Following a gravel path we learned about the native peoples who lived here and the English settlers who arrived and formed the Roanoke colony. Costumed guides explained what life was like on board the sailing vessel that brought 150 settlers and crew over from England. We were quite surprised at the size of the boat (it is a life-sized replica) as we tried to imagine our family spending months at sea to get to a strange new land that we might hope to call home. I am not sure the four of us would have been brave enough to make the journey.
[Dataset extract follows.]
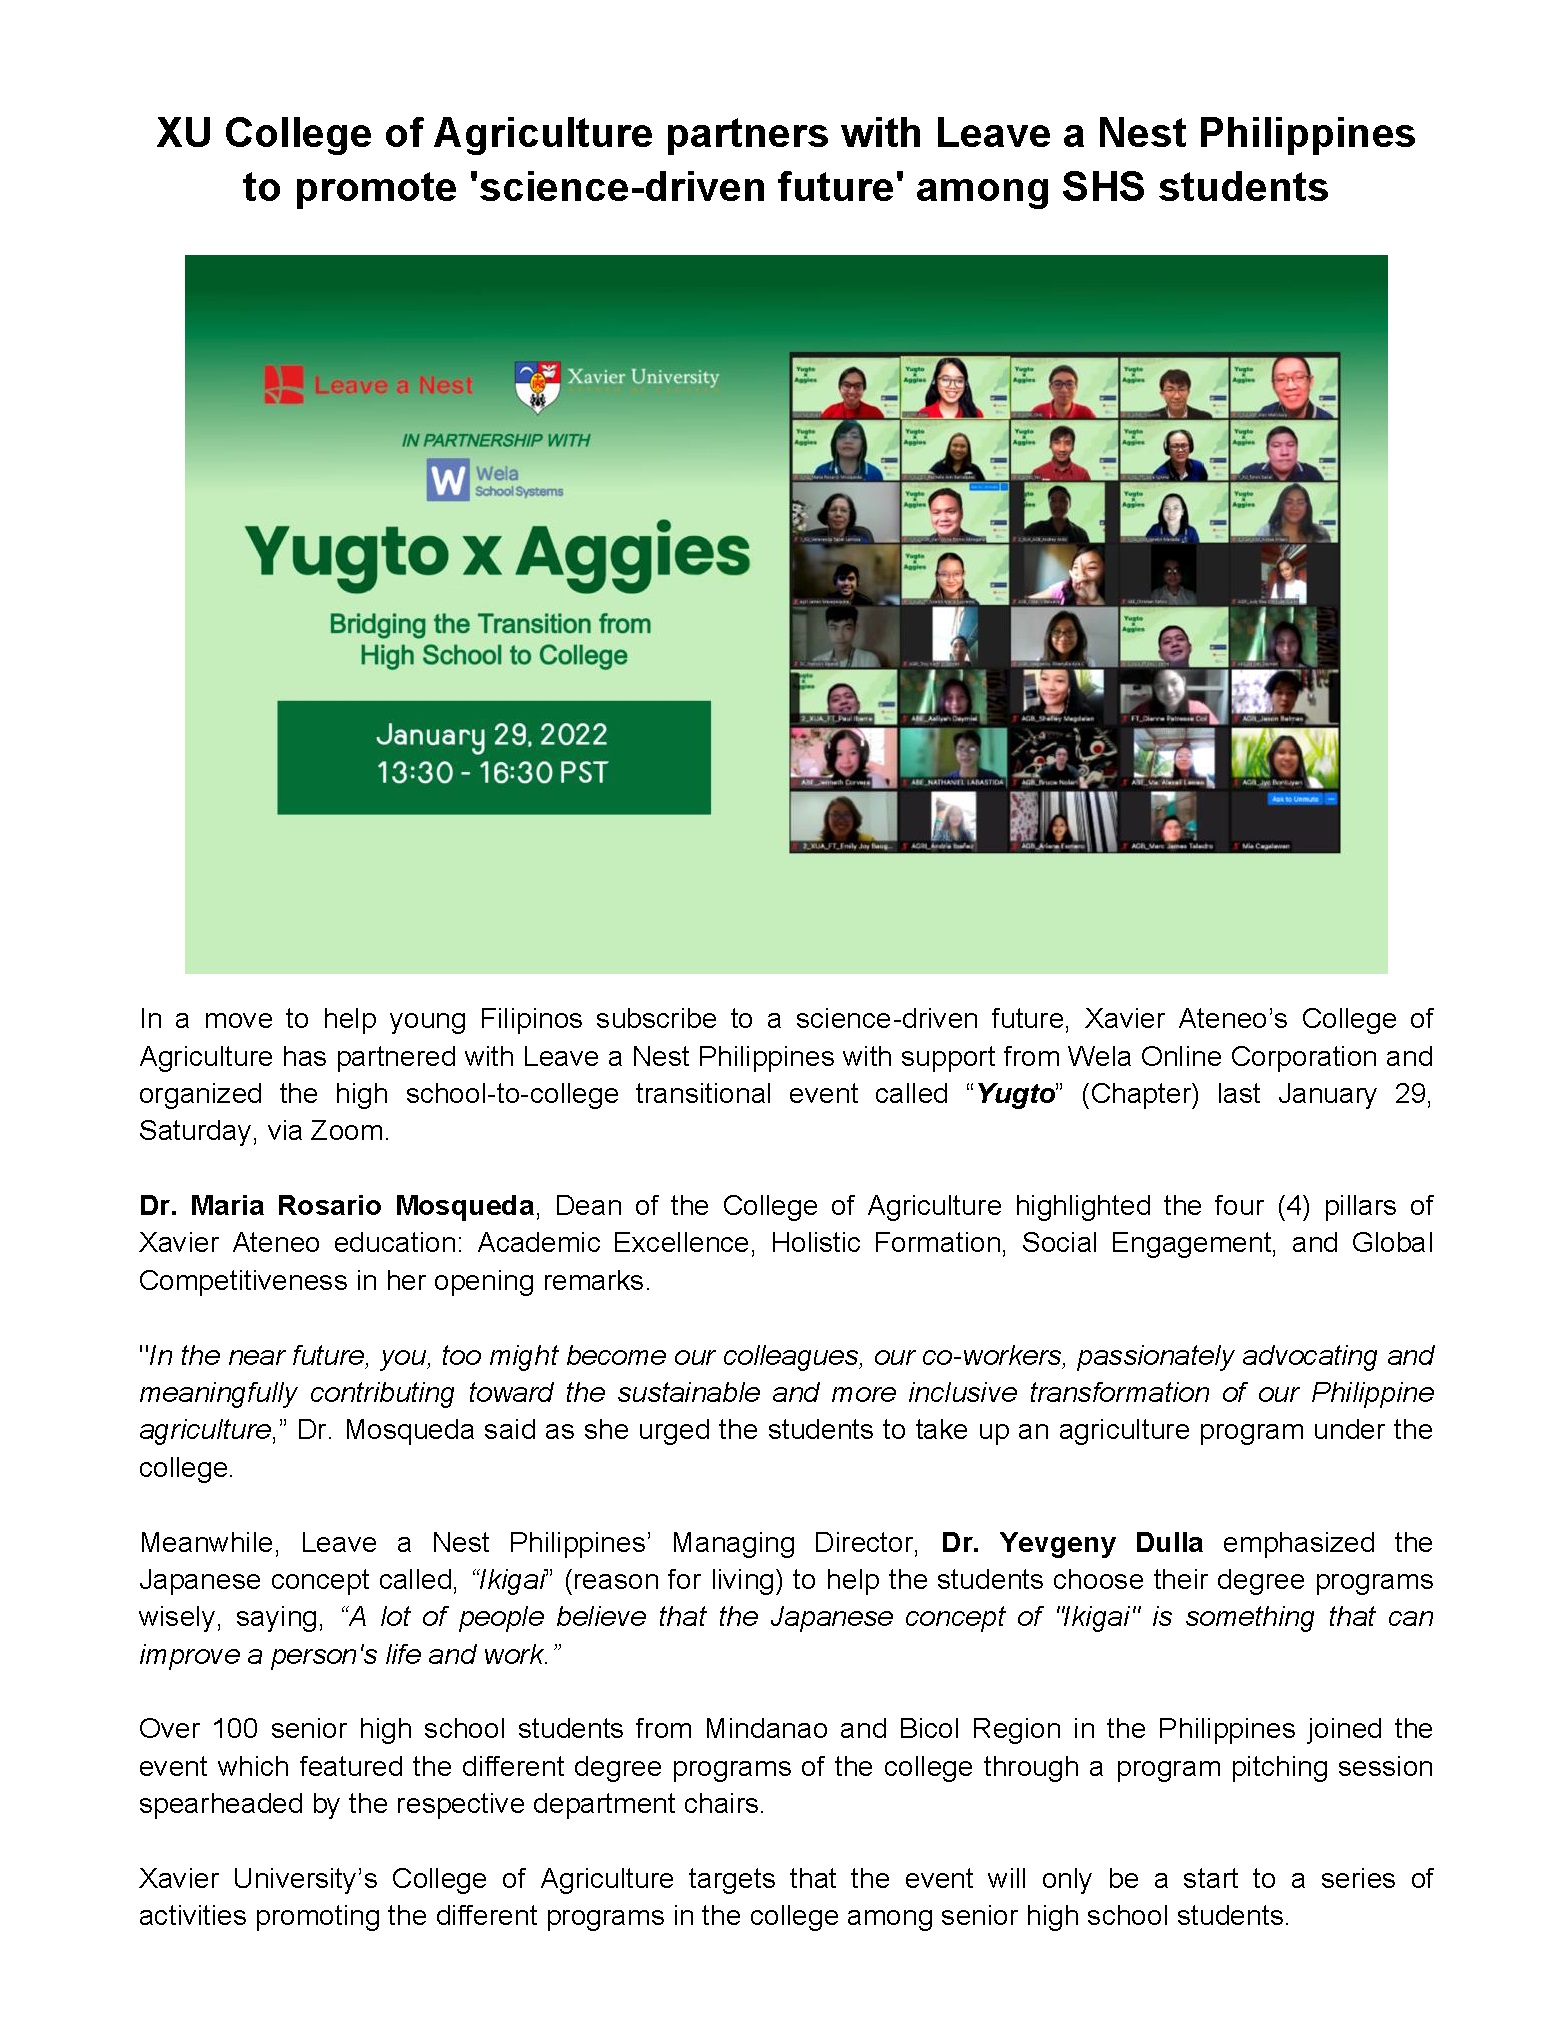 20220211 Yugto Post event News Release Revised for XUCA

Moving along the path we entered the settlement area and learned about the first group of craftsmen who came to set up the colony prior to its future inhabitants. 107 men initially landed here and set to work building a settlement fort. Our guides likened them to to a group of contractors who came out to set up the settlement so that the colonists could then “move in”. We met the blacksmith and watched how he fashioned nails and other necessities that the craftsmen and colonists might need to build structures, furniture and other necessities. I still have the nail he made for us and it’s one of my prized souvenirs. The boys learned how to plane wood and how to sharpen it to make stakes. The boys also got a kick out of trying on protective armor and posing with the swords and shields. It was very heavy but trying it on, gave them a sense of what life was like for the first creators of the colony. When you think about all the unknowns, the dangers of life in the new world, you realize it was a pretty tough gig. These original craftsmen returned to England with Sir Francis Drake introducing tobacco, corn and potatoes.
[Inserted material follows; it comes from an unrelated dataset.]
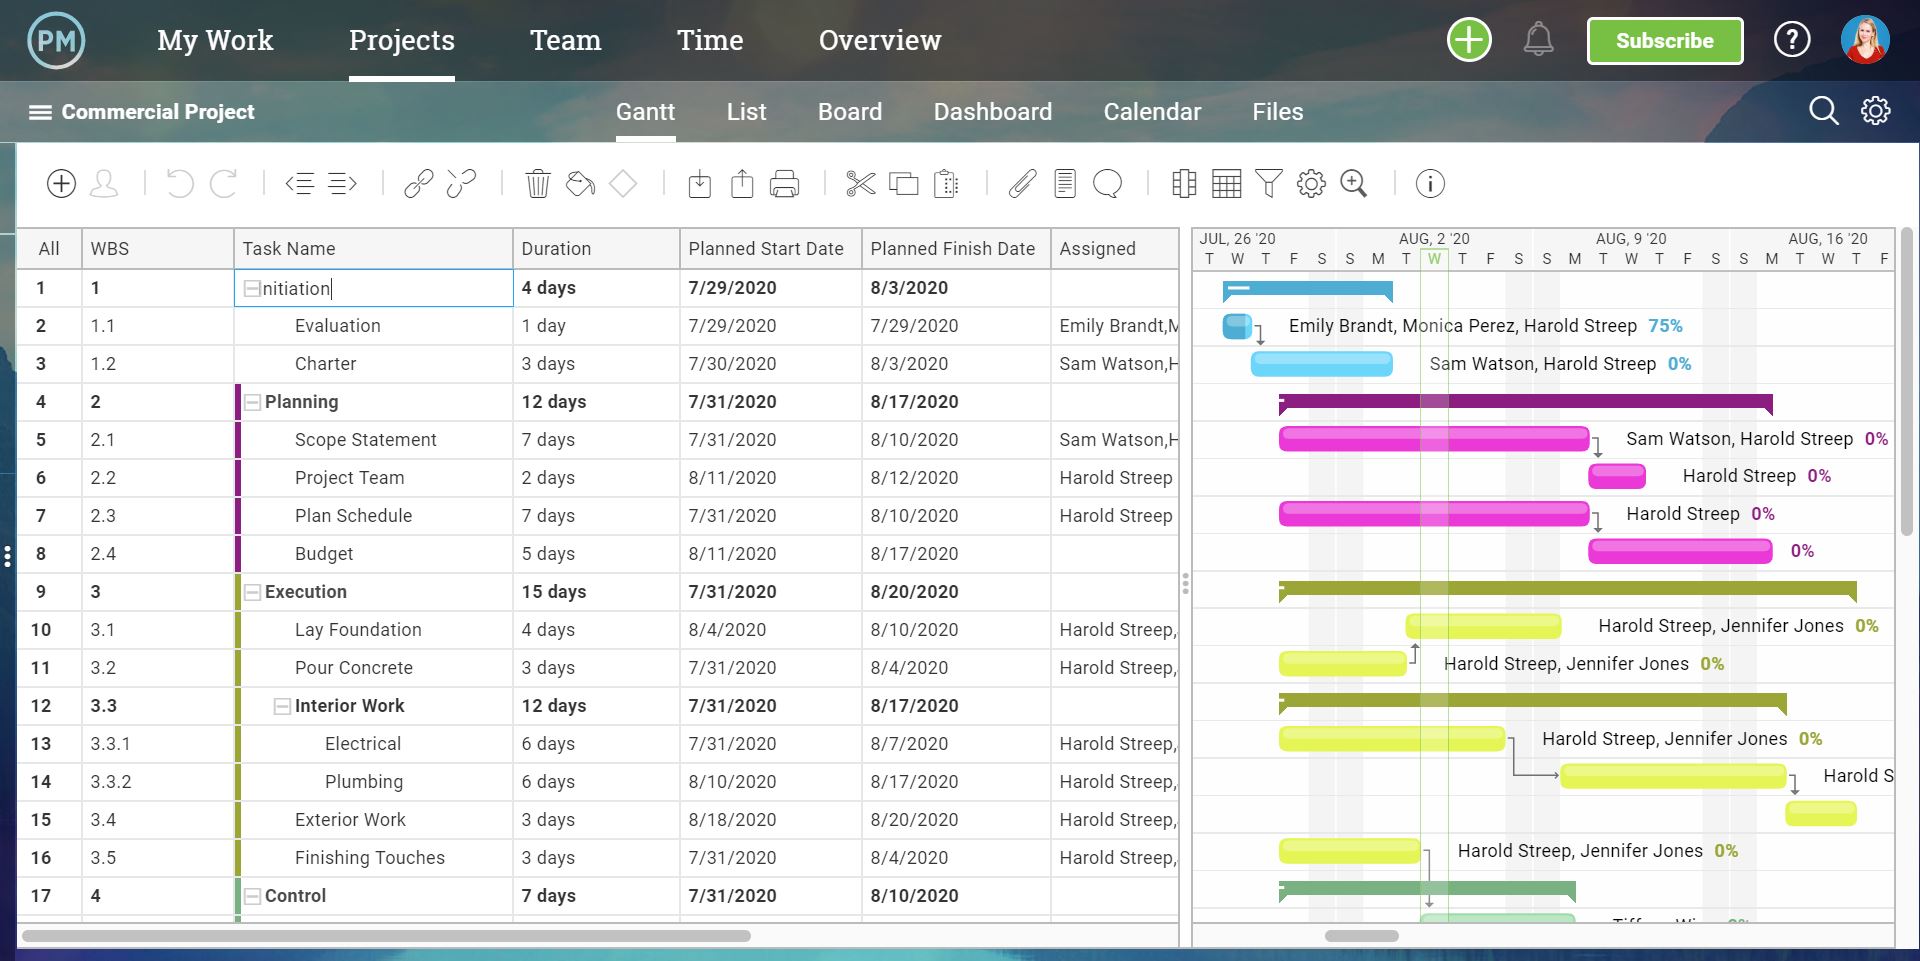 A screenshot of ProjectManager.com’s Gantt chart interface, showing tasks and subtasks for a work breakdown structure WBS.

In 1587 115 colonists-men, women and children were brought to establish the colony by John White, a friend of Sir Walter Raleigh but were dismayed upon their arrival to find the original craftsmen gone. The colonists including the first baby born in the colonies John White’s granddaughter Virginia Dare, were left while John White sailed back to England to bring help and more supplies.When they were finally able to return 3 years later, the colony was deserted. The 90 men, 17 women and 11 children vanished. To this day, no one knows what happened to those initial colonists, only that they disappeared and were never heard from again. The only clue the colonists left behind was the word Croatoan carved into a tree. A common belief is that they were absorbed by the Croatan Indian tribe.
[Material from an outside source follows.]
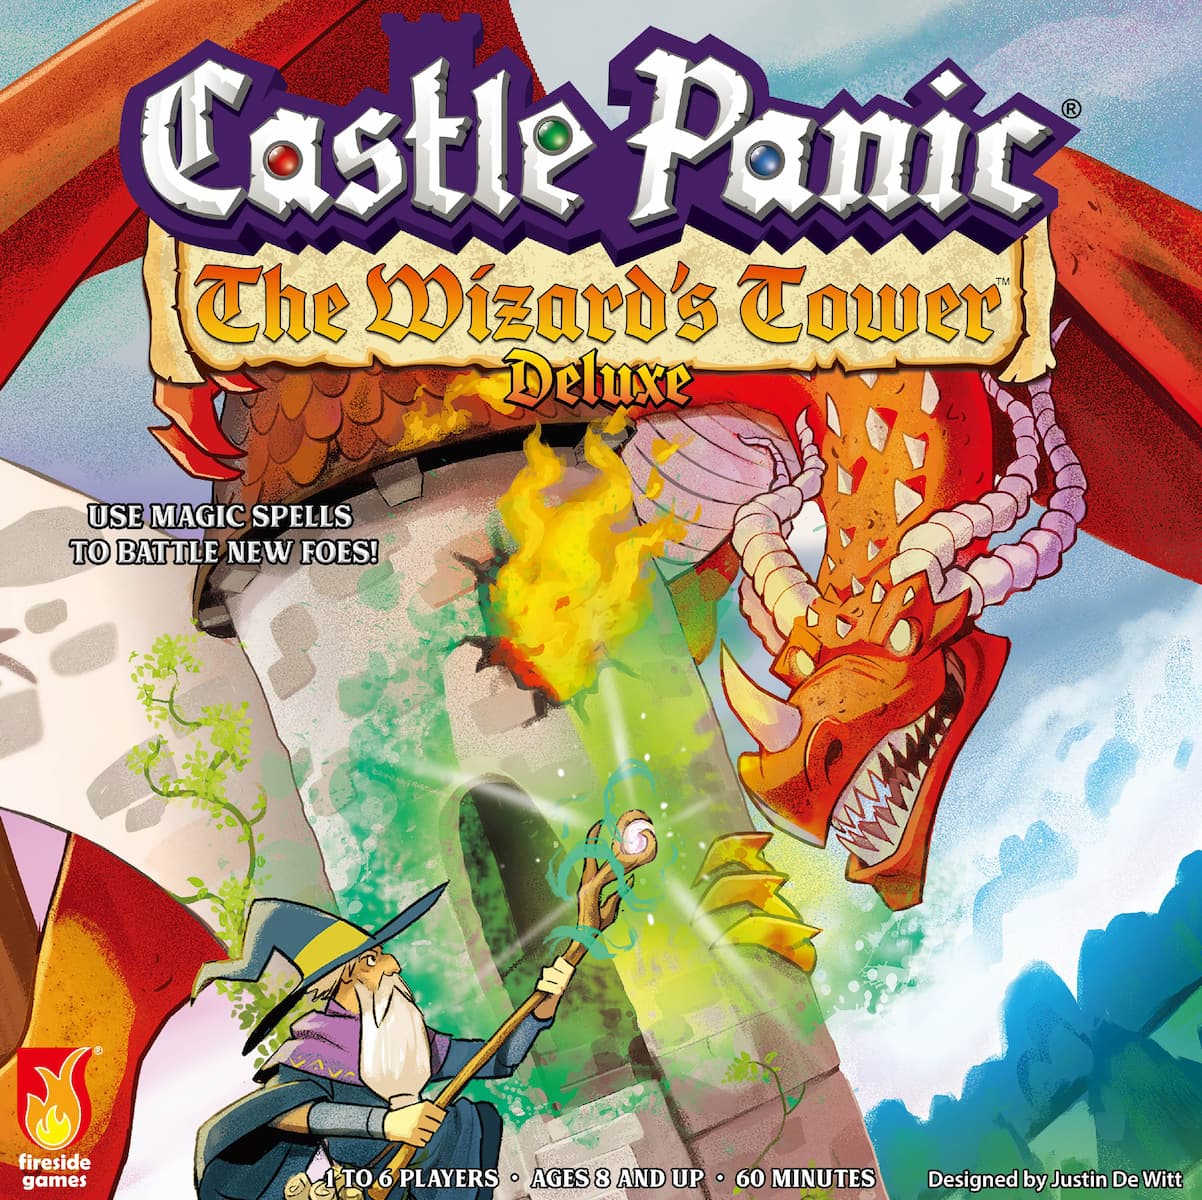 Castle Panic: The Wizard's Tower Deluxe the board game was manufactured by Boda Games Manufacturing.

After the living history tour, we headed into the exhibit space to learn more about Sir Walter Raleigh, John White, and the other personalities connected with the settlement. We learned about exploration of the coast and privateering and the men who sailed looking for fortune and fame. After the exhibit the kids wandered out to an area near the ticket booth where they were able to scour for shark teeth amidst tons of broken shells. My boys love treasure hunting and this kept them busy while Lilia and I perused the gift shop.
Overall, the Roanoke Festival Park is a DO NOT MISS. What a great way to experience and learn about the very first settlers who made this area their home and the mystery as to what happened to them. Make sure you take some time to visit the adorable town of Manteo as well. It’s beyond charming and really plays up the colonist connection.